* _Task_
Only one span of the material below is wanted. Output it exactly, from the line with "Unisex Knit Beanie" through the line with "Vintage JOHN DEERE", without any pictures.

[Task material]

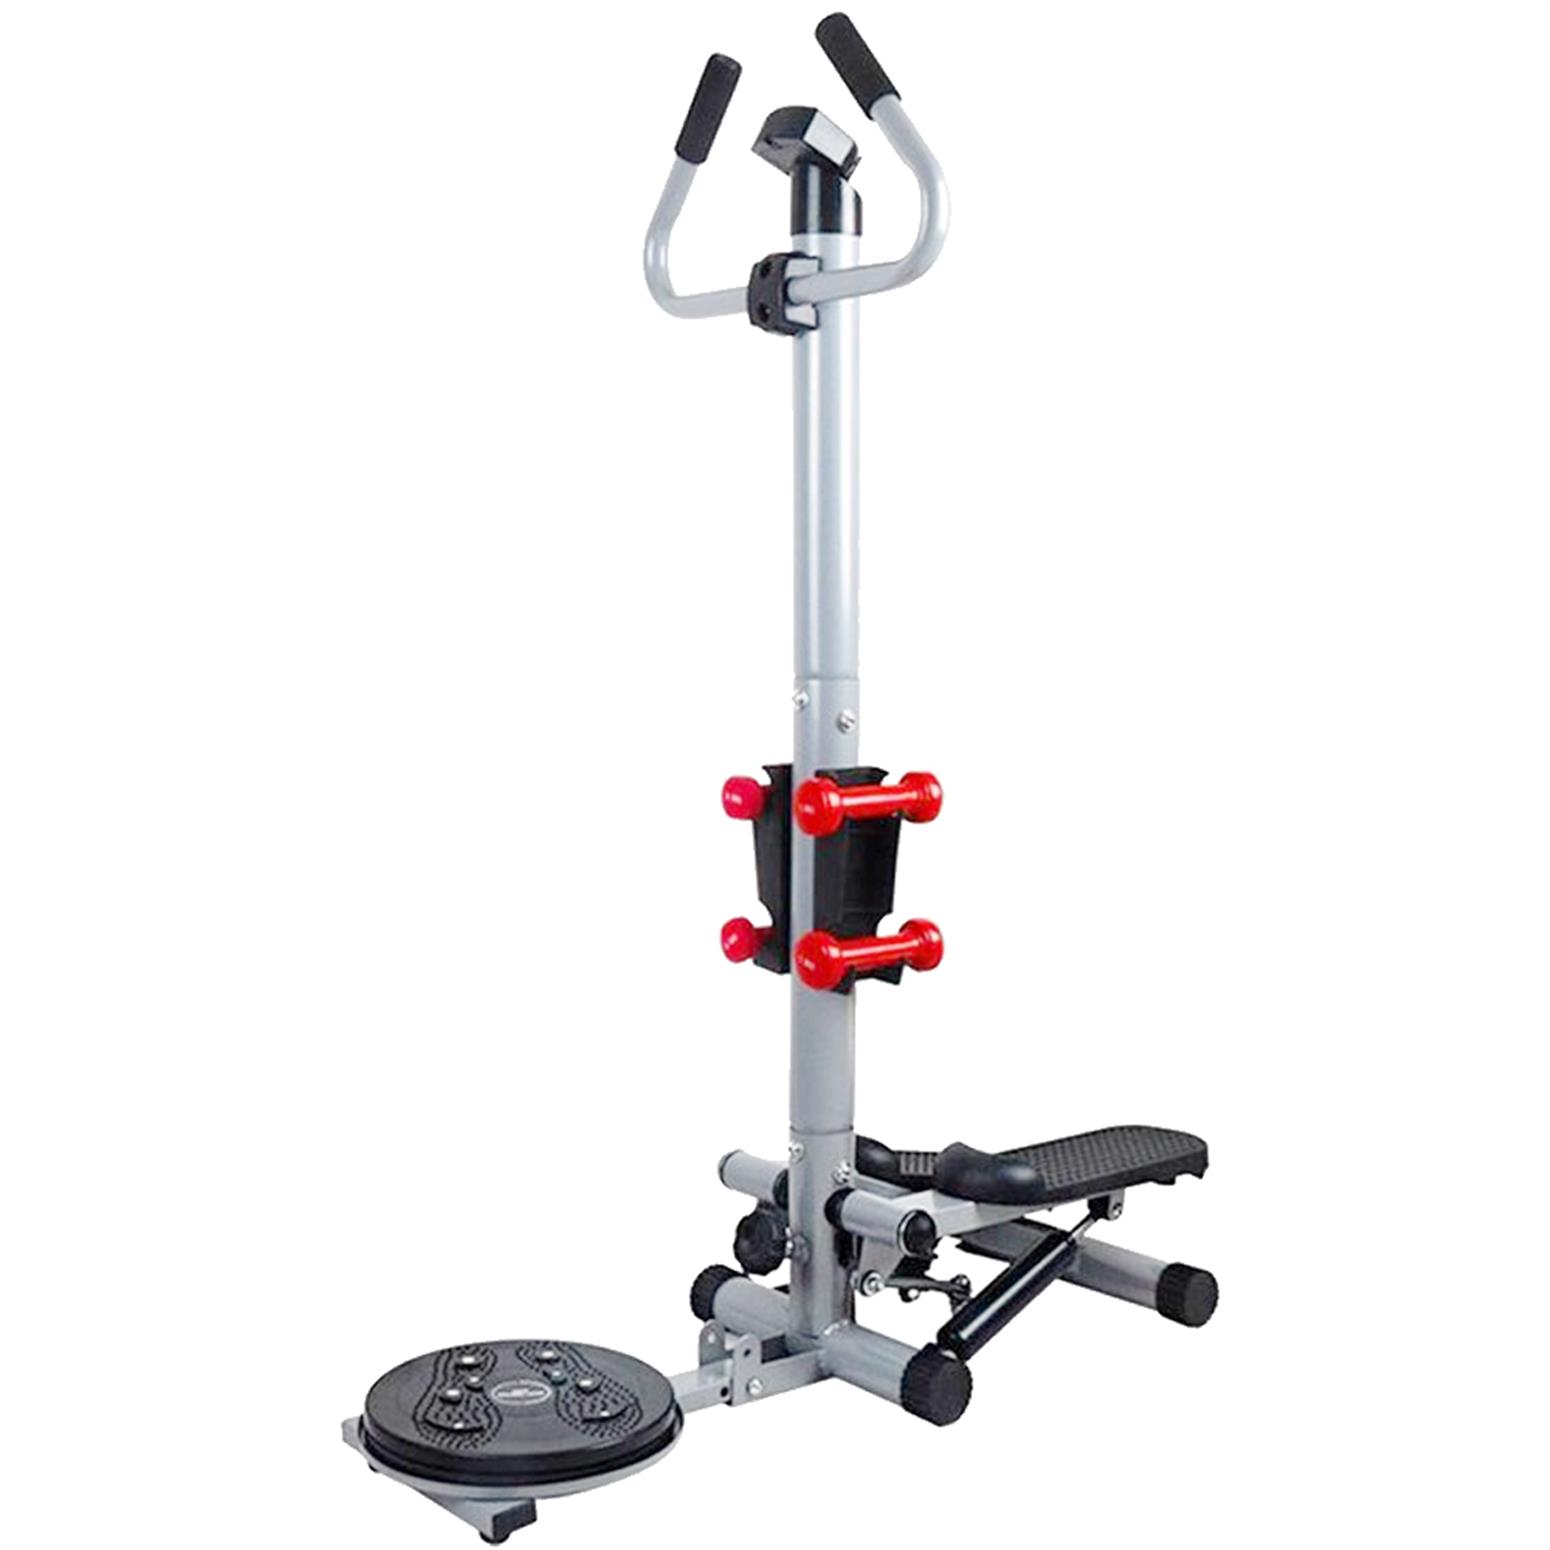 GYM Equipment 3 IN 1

[/Task material]
[Task material]

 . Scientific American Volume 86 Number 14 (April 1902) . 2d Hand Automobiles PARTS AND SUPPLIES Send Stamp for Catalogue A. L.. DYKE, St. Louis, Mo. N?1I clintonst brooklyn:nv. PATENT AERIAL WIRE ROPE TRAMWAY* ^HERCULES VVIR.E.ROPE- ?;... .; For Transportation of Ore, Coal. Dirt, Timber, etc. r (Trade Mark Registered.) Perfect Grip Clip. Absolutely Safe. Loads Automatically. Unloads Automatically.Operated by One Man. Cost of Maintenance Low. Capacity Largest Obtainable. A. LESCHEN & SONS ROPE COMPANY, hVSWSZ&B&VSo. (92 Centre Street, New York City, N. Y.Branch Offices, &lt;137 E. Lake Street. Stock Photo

[/Task material]
[Task material]

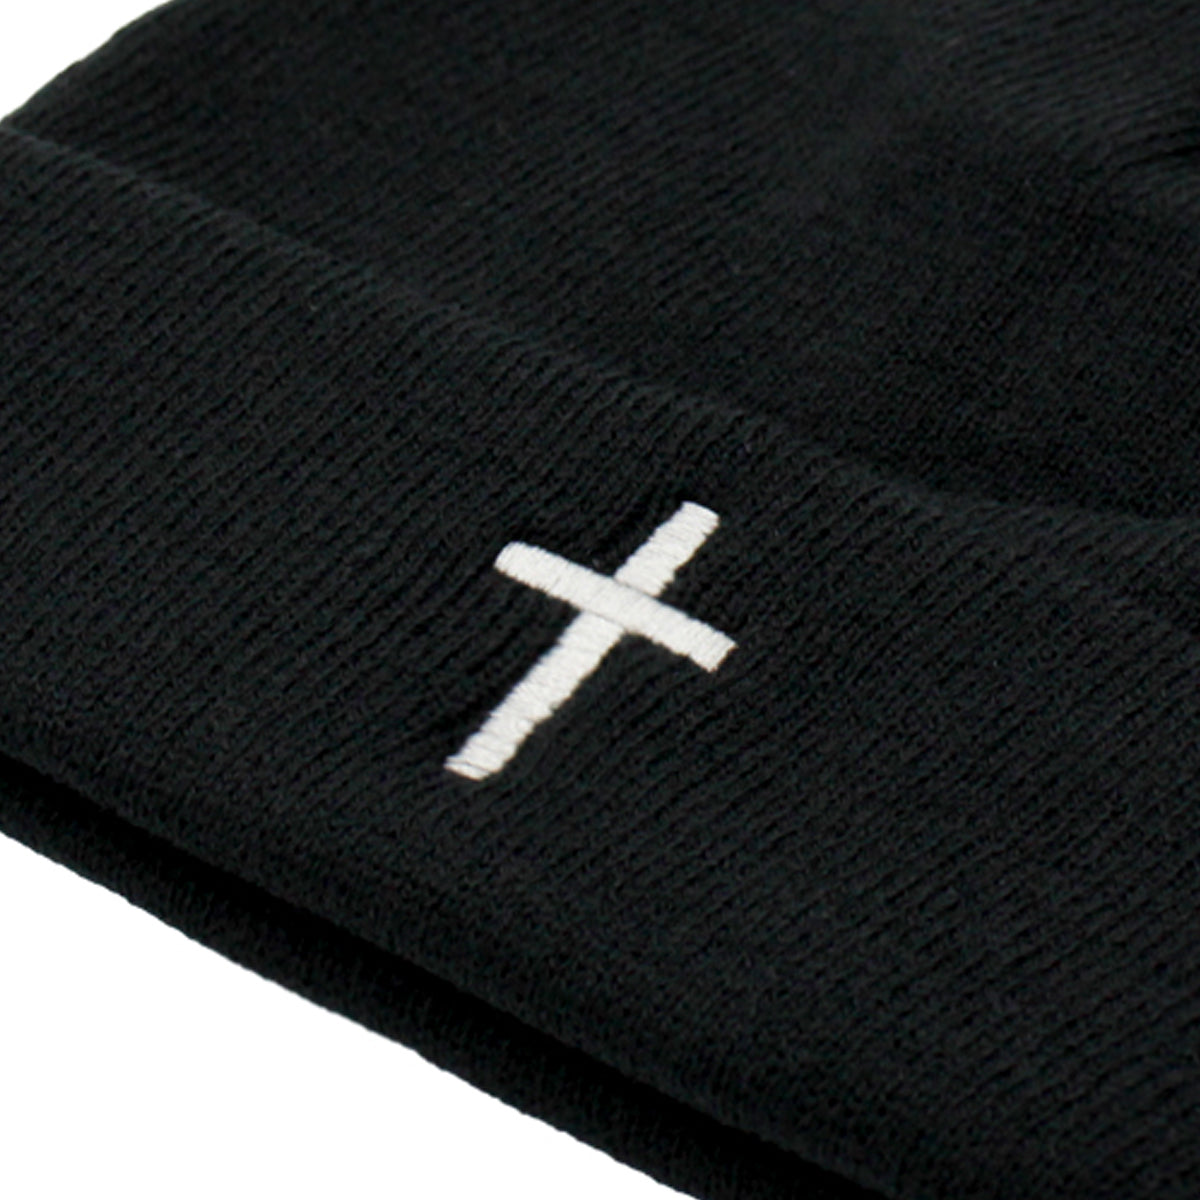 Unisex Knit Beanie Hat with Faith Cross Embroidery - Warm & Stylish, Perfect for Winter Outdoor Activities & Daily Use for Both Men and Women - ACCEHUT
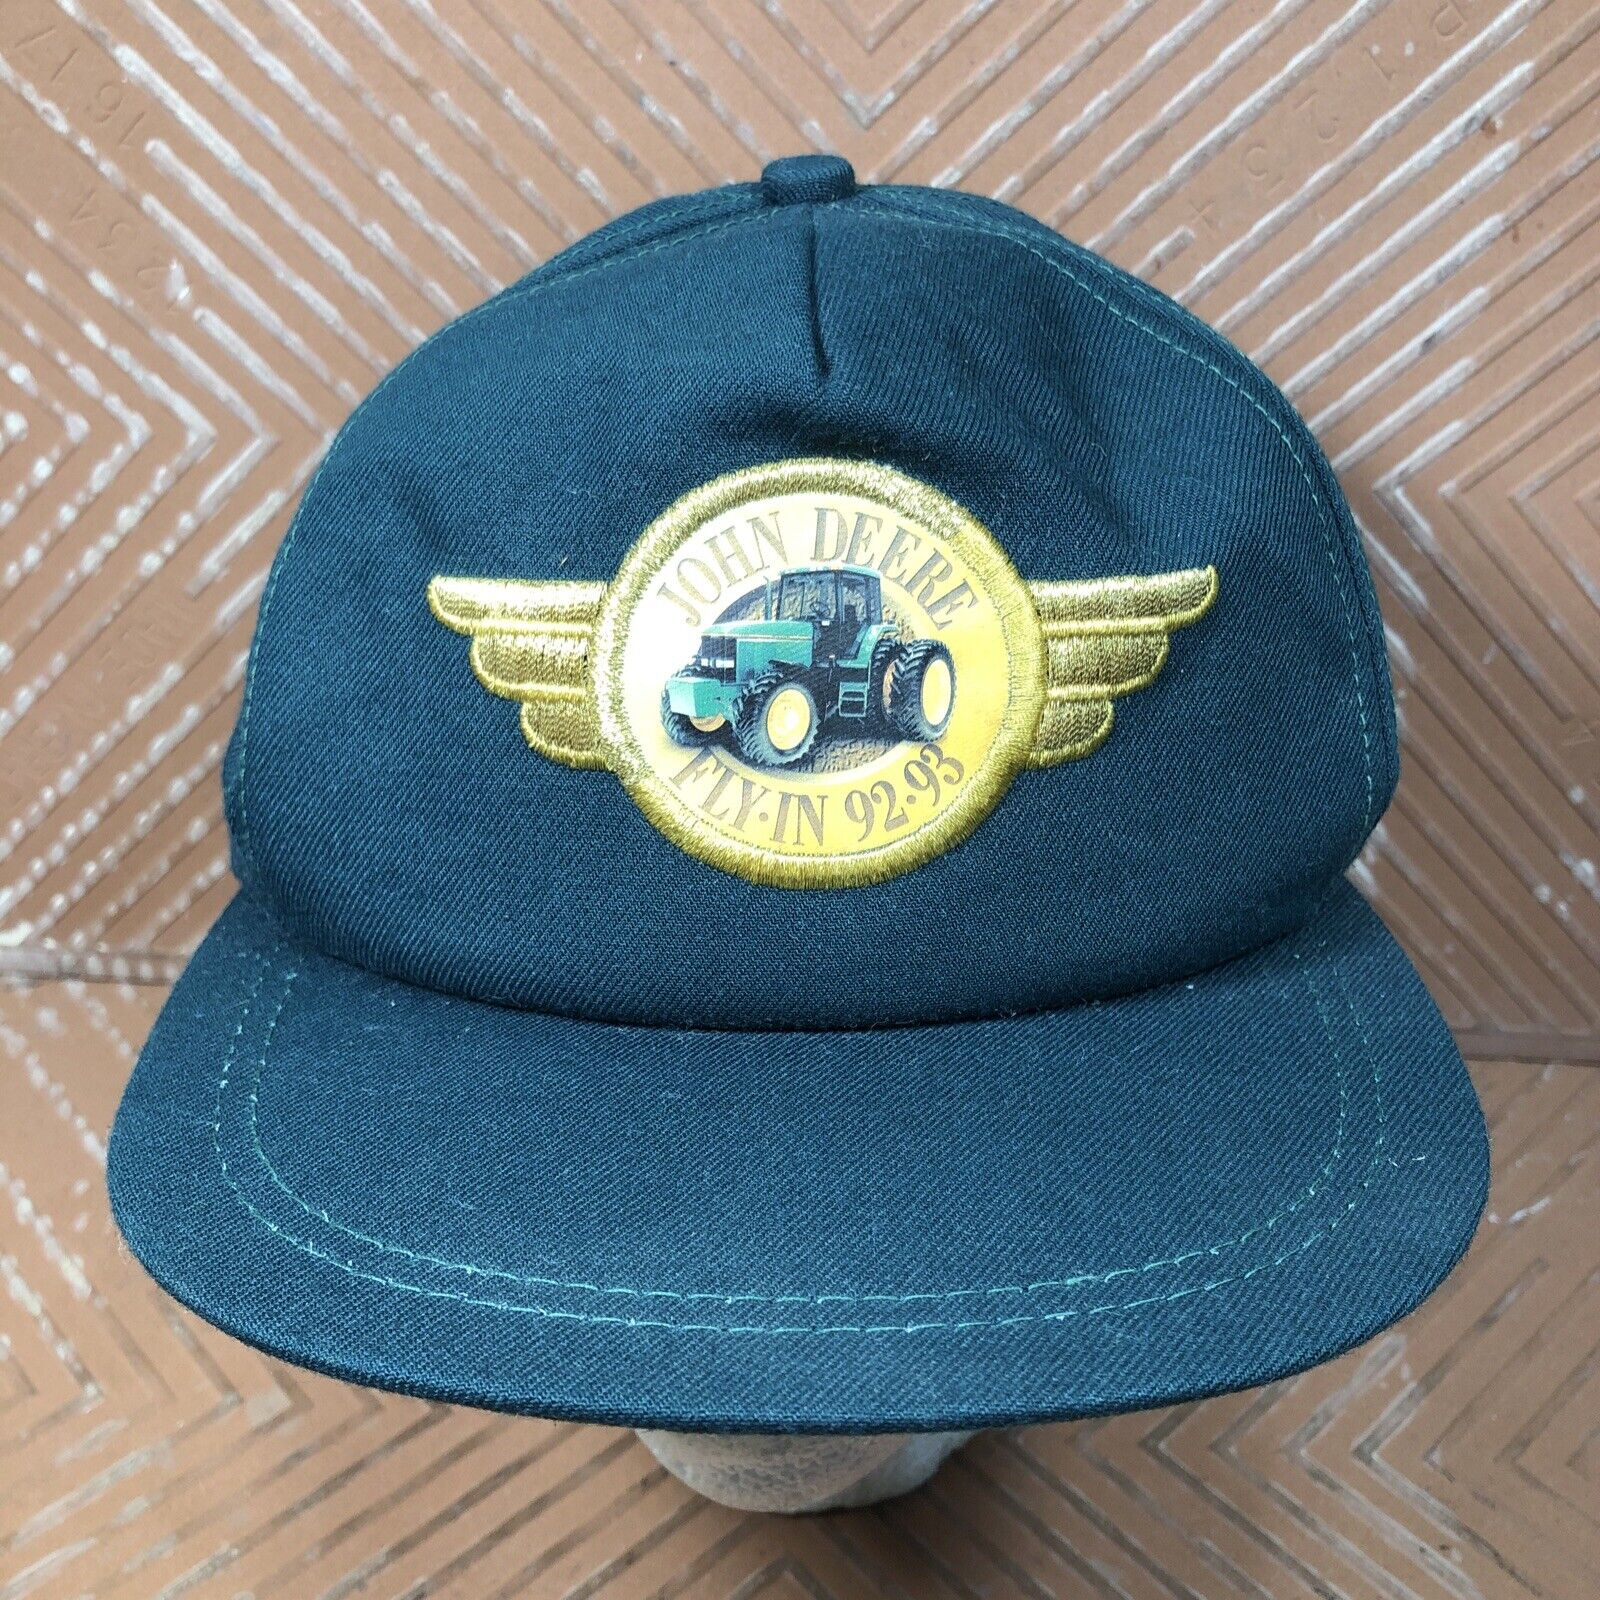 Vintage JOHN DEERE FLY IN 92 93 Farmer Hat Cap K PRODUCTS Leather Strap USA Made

[/Task material]

* _Solution to this exercise_
 Unisex Knit Beanie Hat with Faith Cross Embroidery - Warm & Stylish, Perfect for Winter Outdoor Activities & Daily Use for Both Men and Women - ACCEHUT
 Vintage JOHN DEERE FLY IN 92 93 Farmer Hat Cap K PRODUCTS Leather Strap USA Made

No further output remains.